YOUR TASK:
Restate word for word all of the lines below, with each image left out.

RAW DATA:

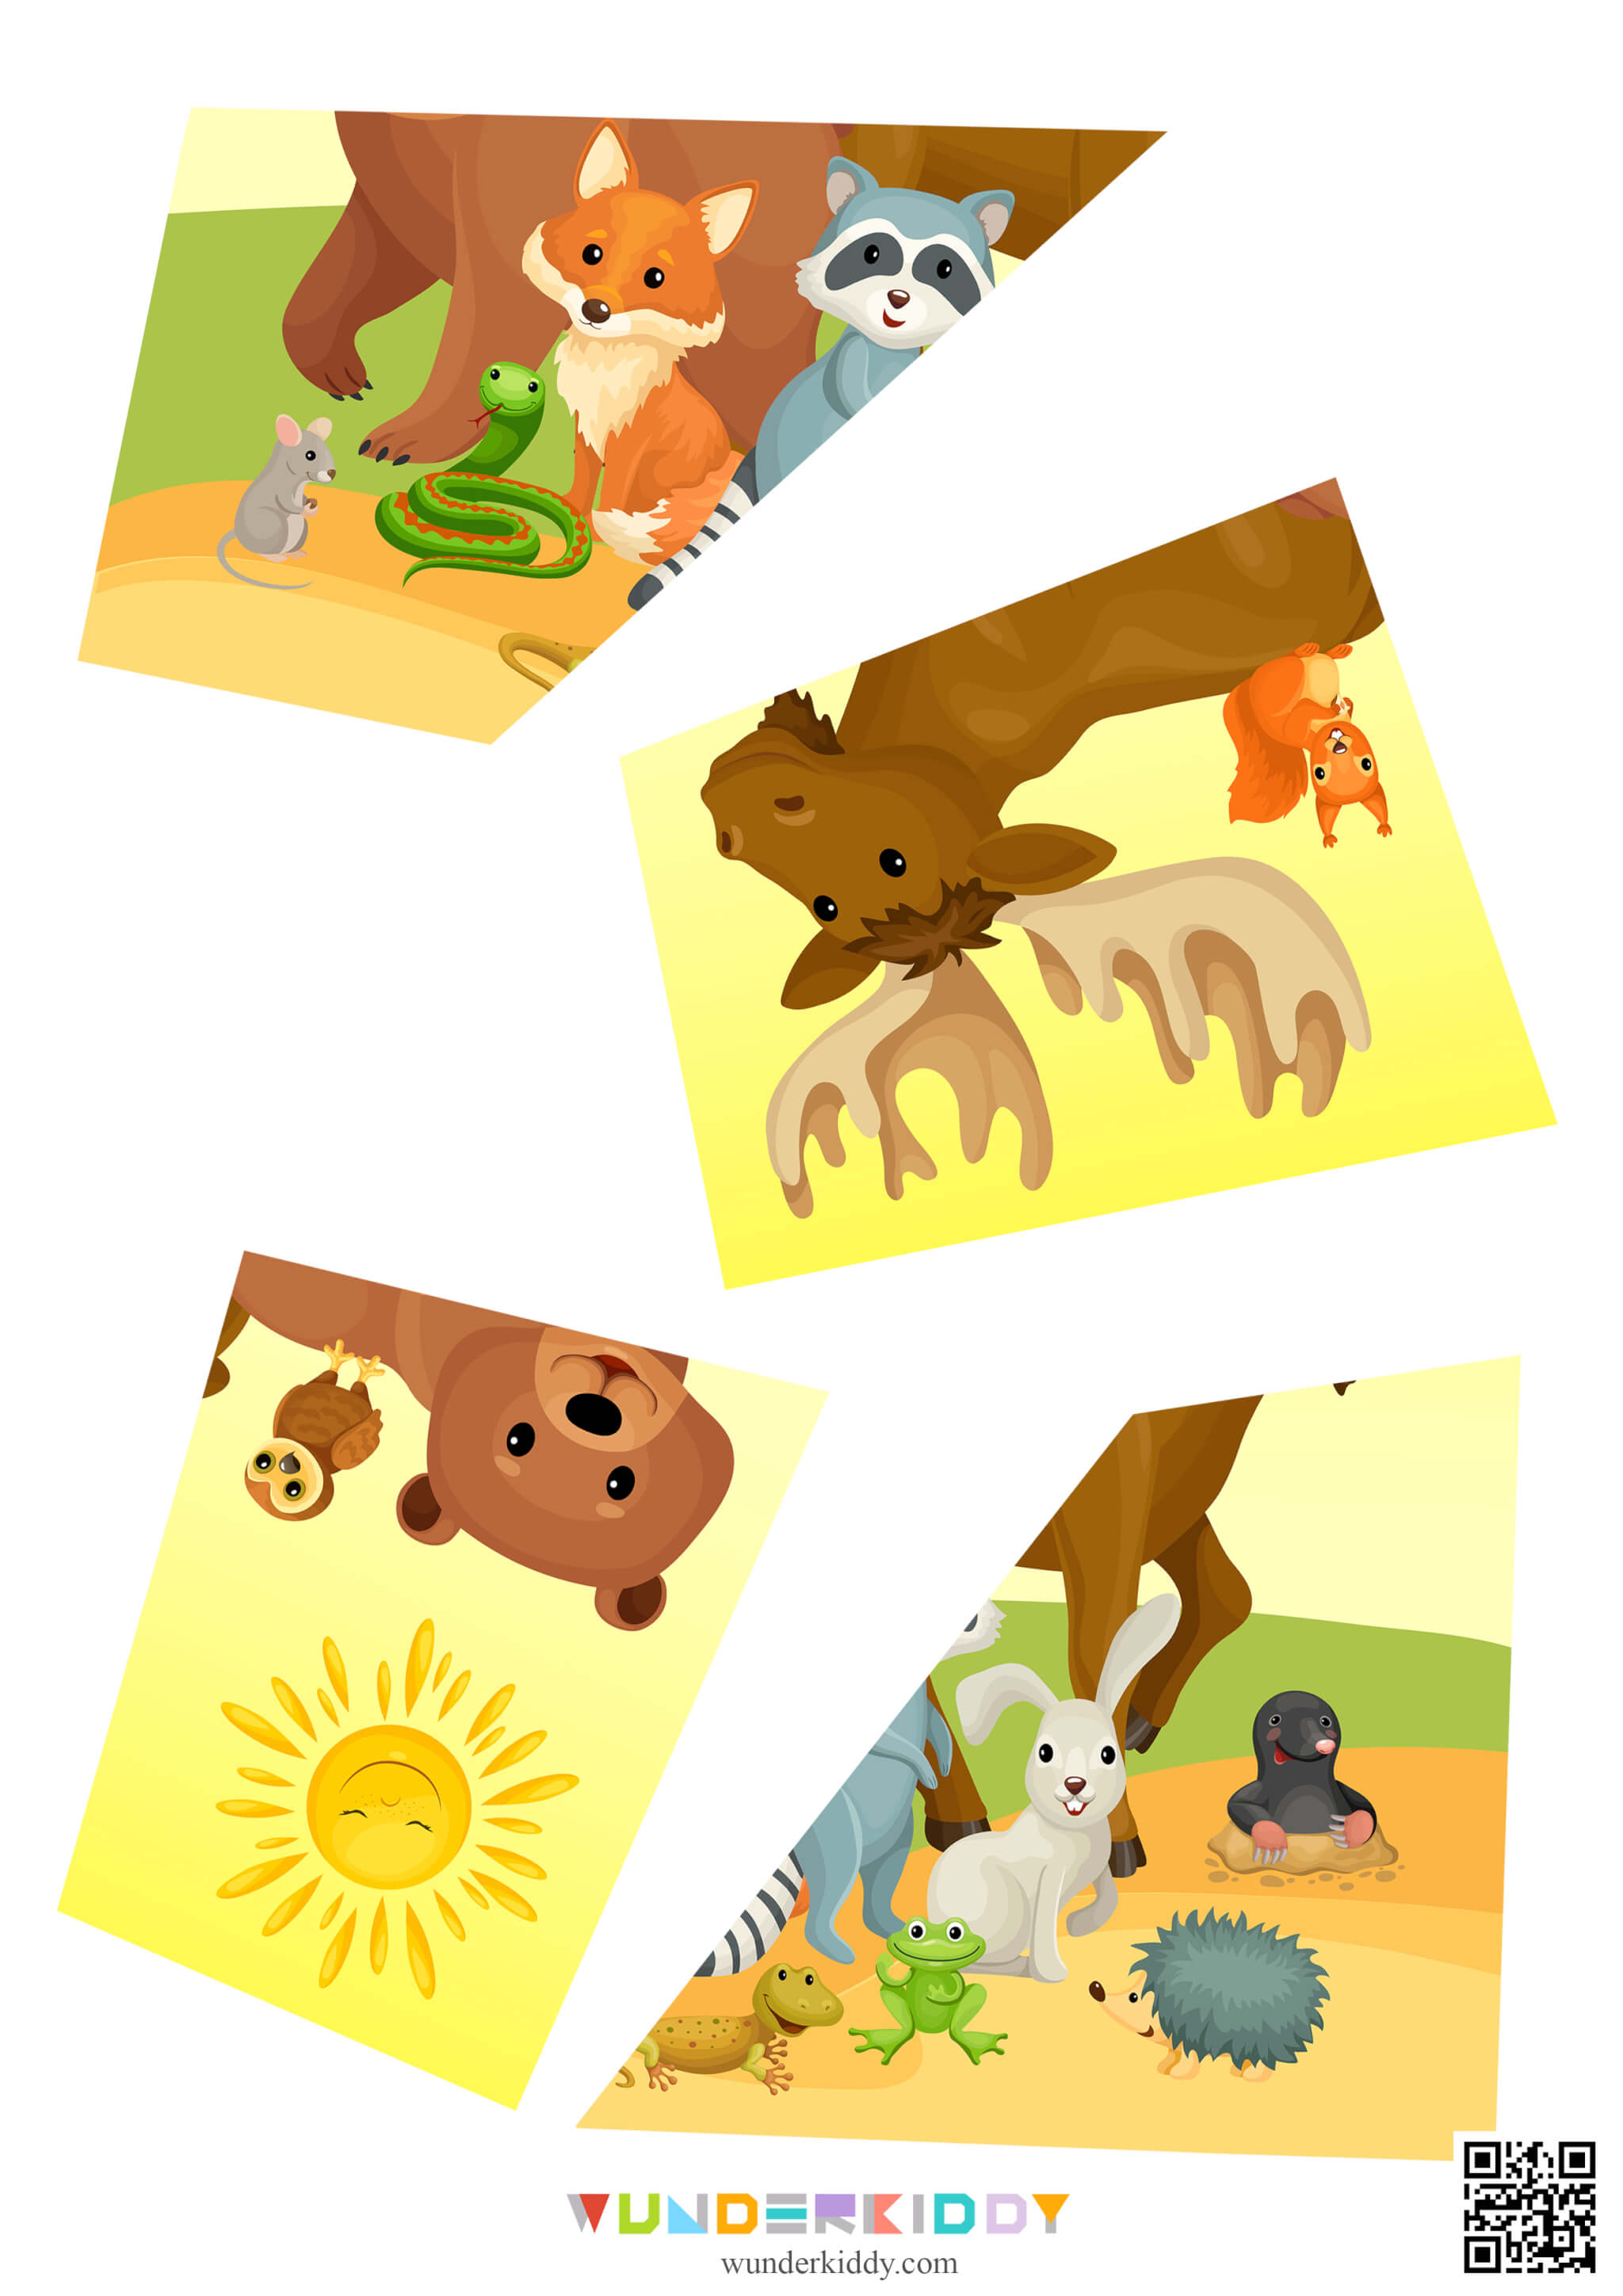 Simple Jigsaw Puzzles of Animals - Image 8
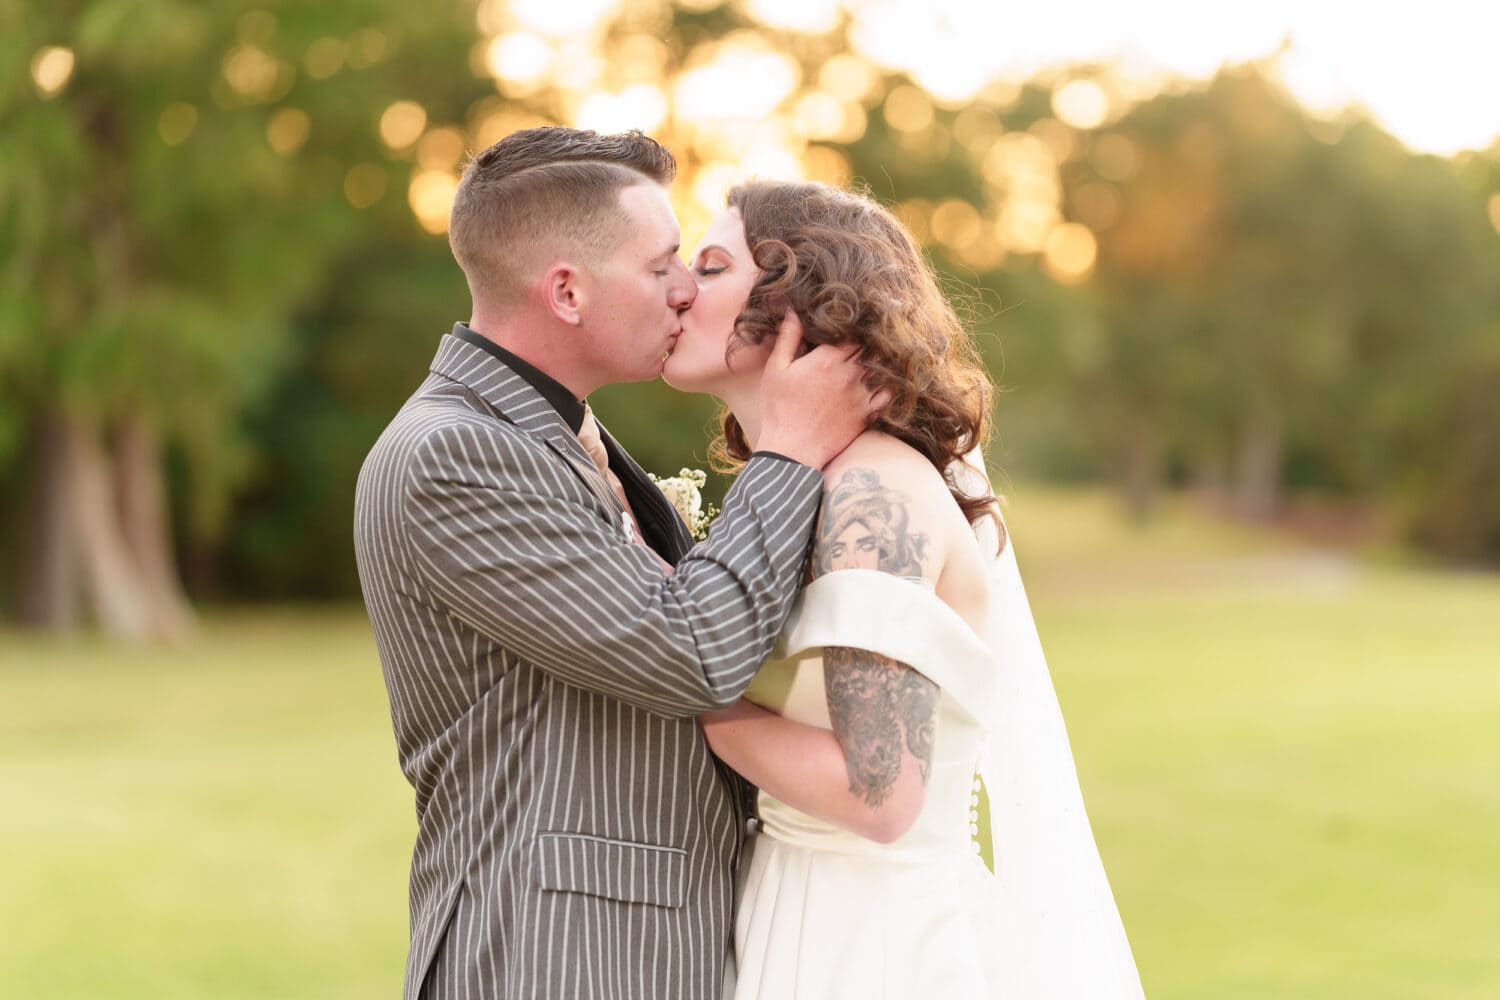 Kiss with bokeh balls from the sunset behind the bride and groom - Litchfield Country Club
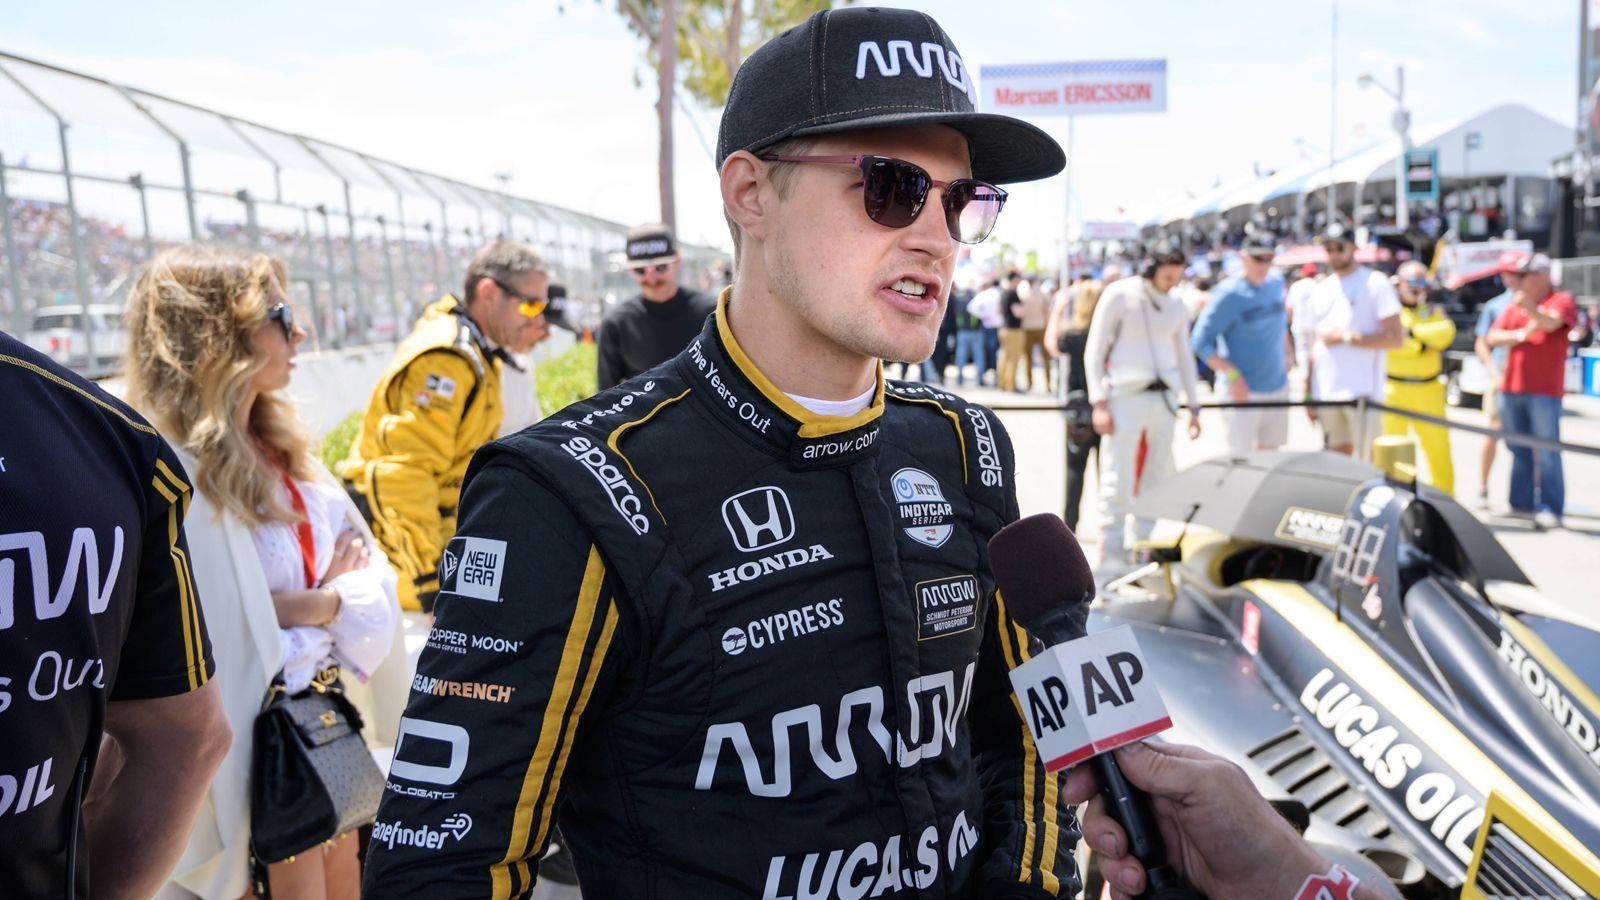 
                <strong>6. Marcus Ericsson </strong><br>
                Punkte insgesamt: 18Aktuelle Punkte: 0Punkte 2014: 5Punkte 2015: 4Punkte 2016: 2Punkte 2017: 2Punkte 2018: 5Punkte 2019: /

PROBLEM SOLUTION:
 Simple Jigsaw Puzzles of Animals - Image 8
 Kiss with bokeh balls from the sunset behind the bride and groom - Litchfield Country Club
                <strong>6. Marcus Ericsson </strong><br>
                Punkte insgesamt: 18Aktuelle Punkte: 0Punkte 2014: 5Punkte 2015: 4Punkte 2016: 2Punkte 2017: 2Punkte 2018: 5Punkte 2019: /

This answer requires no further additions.